Data segment
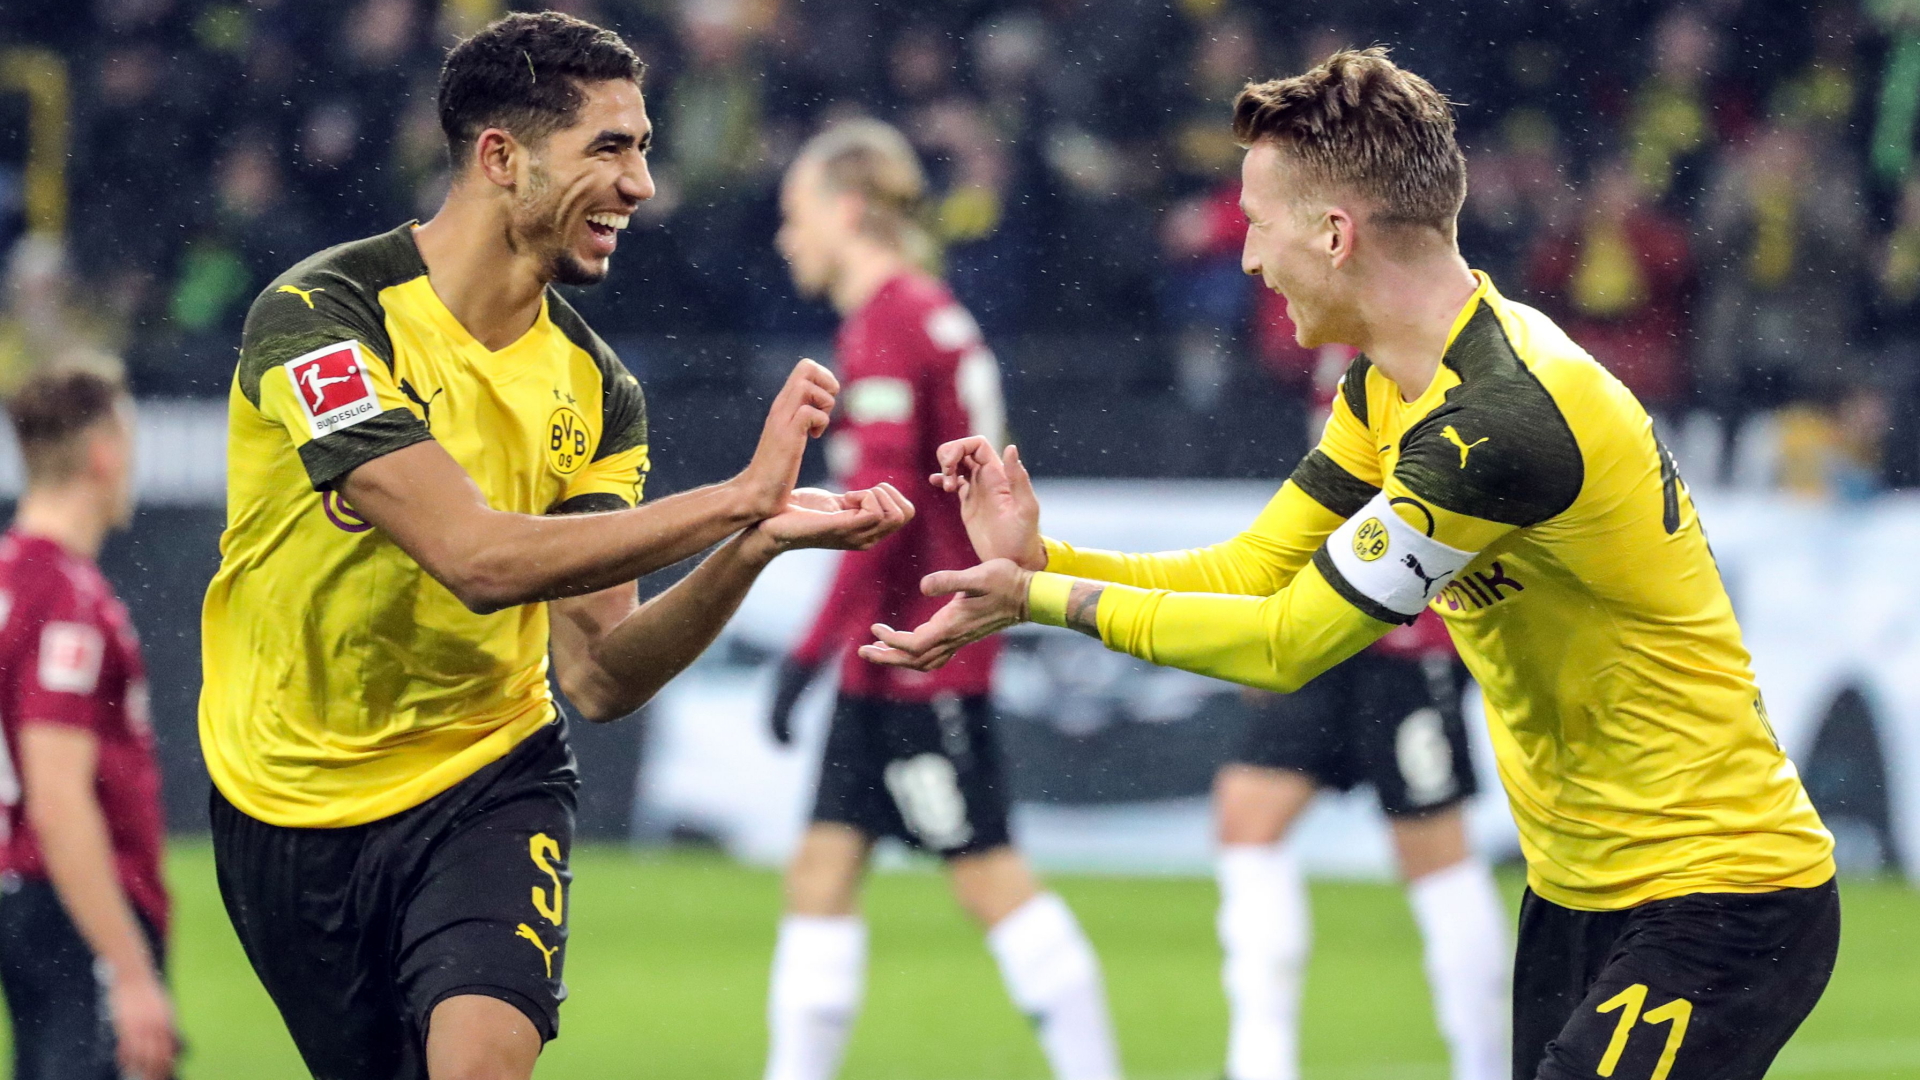 Achraf Hakimi von Borussia Dortmund (links) freut sich mit Teamkollegen Marco Reus über sein Tor im Spiel gegen Hannover. | Bildquelle: ARMANDO BABANI/EPA-EFE/REX
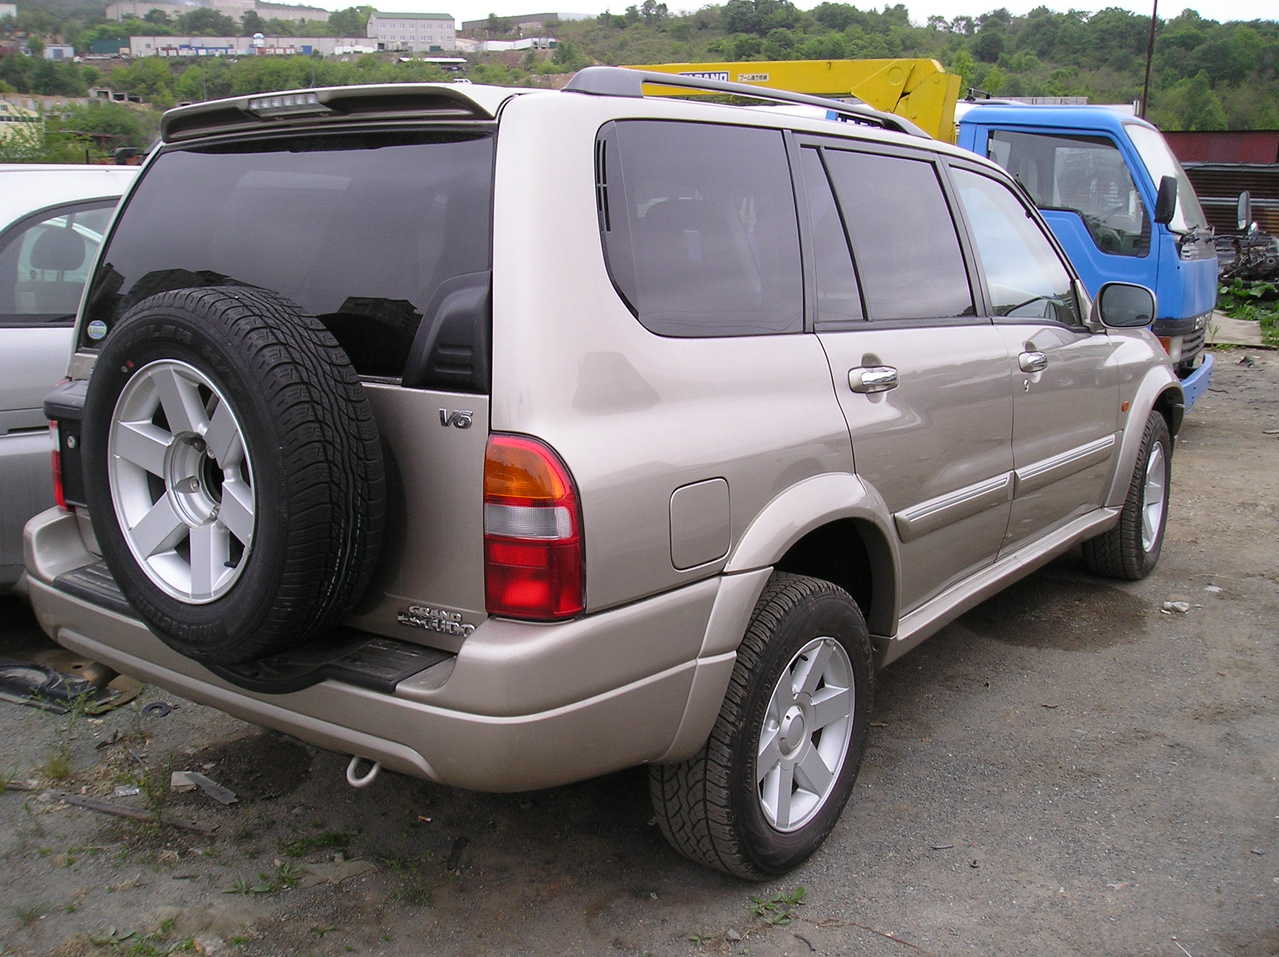 Suzuki Grand Escudo 2001
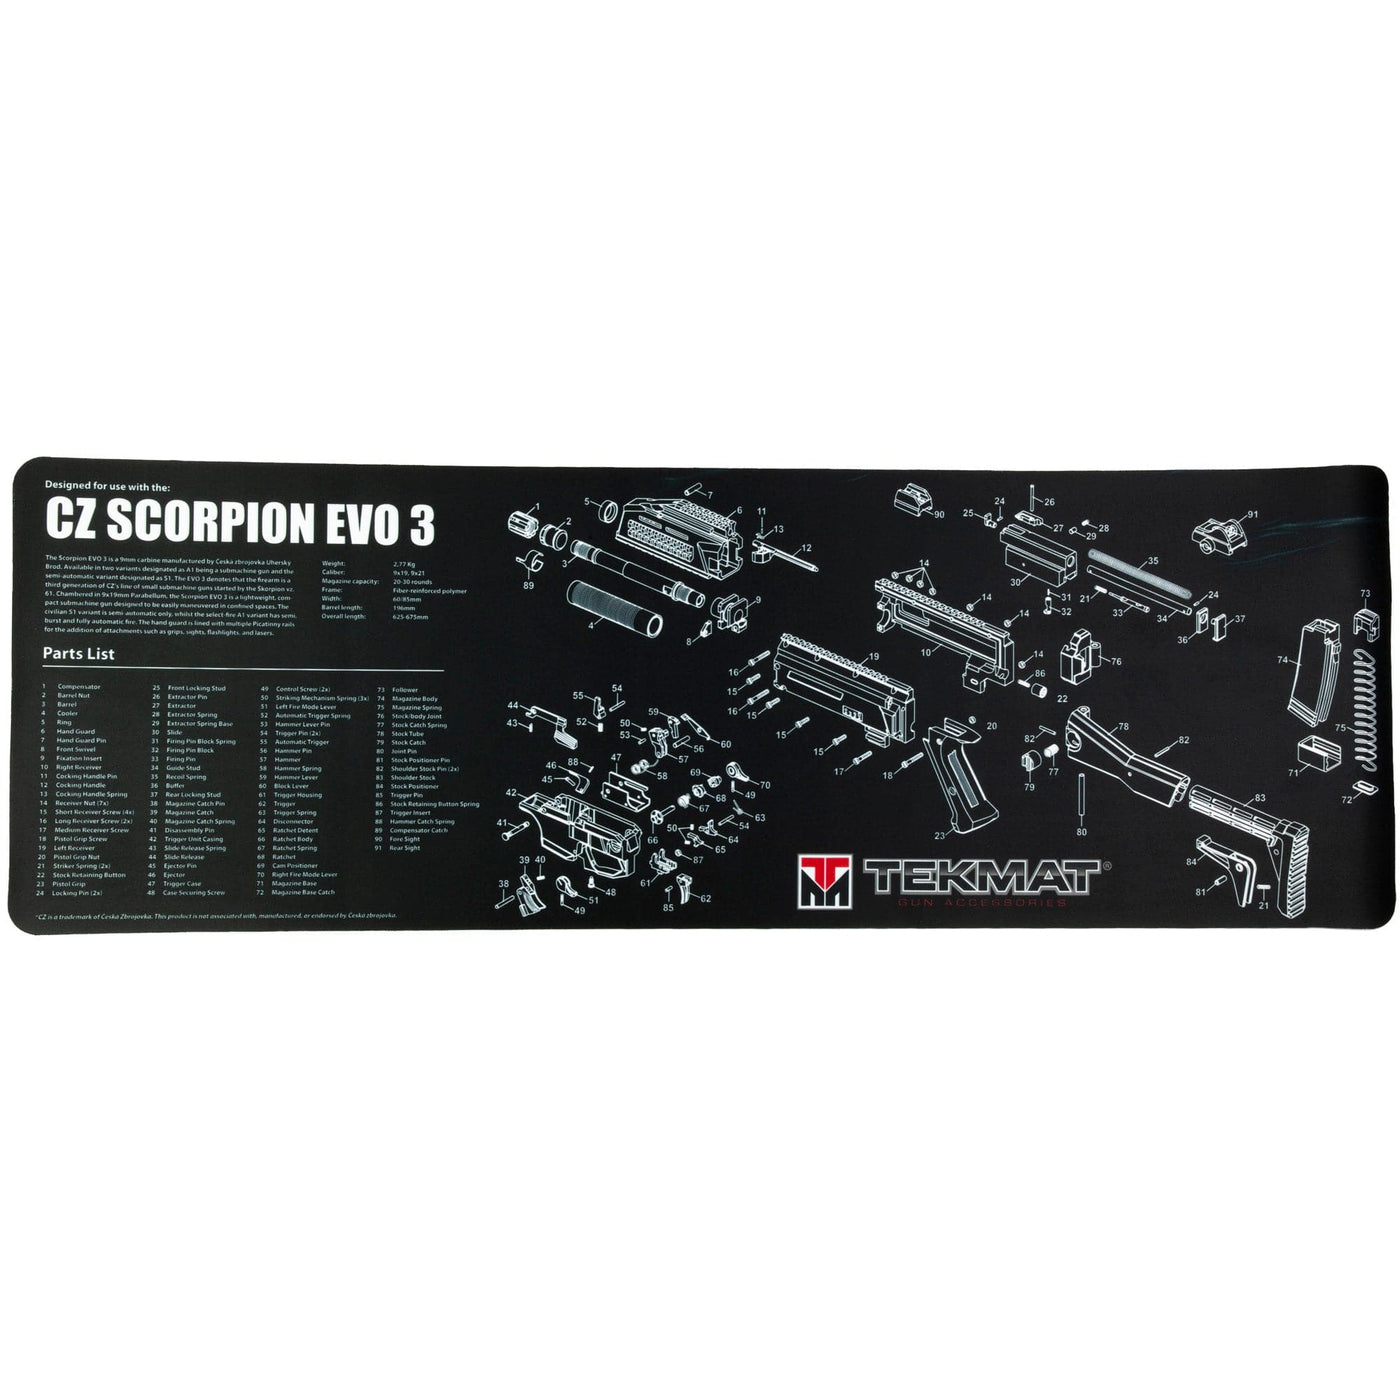 BECK TEK, LLC (TEKMAT) Tekmat Pstl Mat For Cz Scorpion Blk Gun Care

Exercise requirements
Images are to be skipped, and each line above is to be returned exactly.

Written response
 Achraf Hakimi von Borussia Dortmund (links) freut sich mit Teamkollegen Marco Reus über sein Tor im Spiel gegen Hannover. | Bildquelle: ARMANDO BABANI/EPA-EFE/REX
 Suzuki Grand Escudo 2001
 BECK TEK, LLC (TEKMAT) Tekmat Pstl Mat For Cz Scorpion Blk Gun Care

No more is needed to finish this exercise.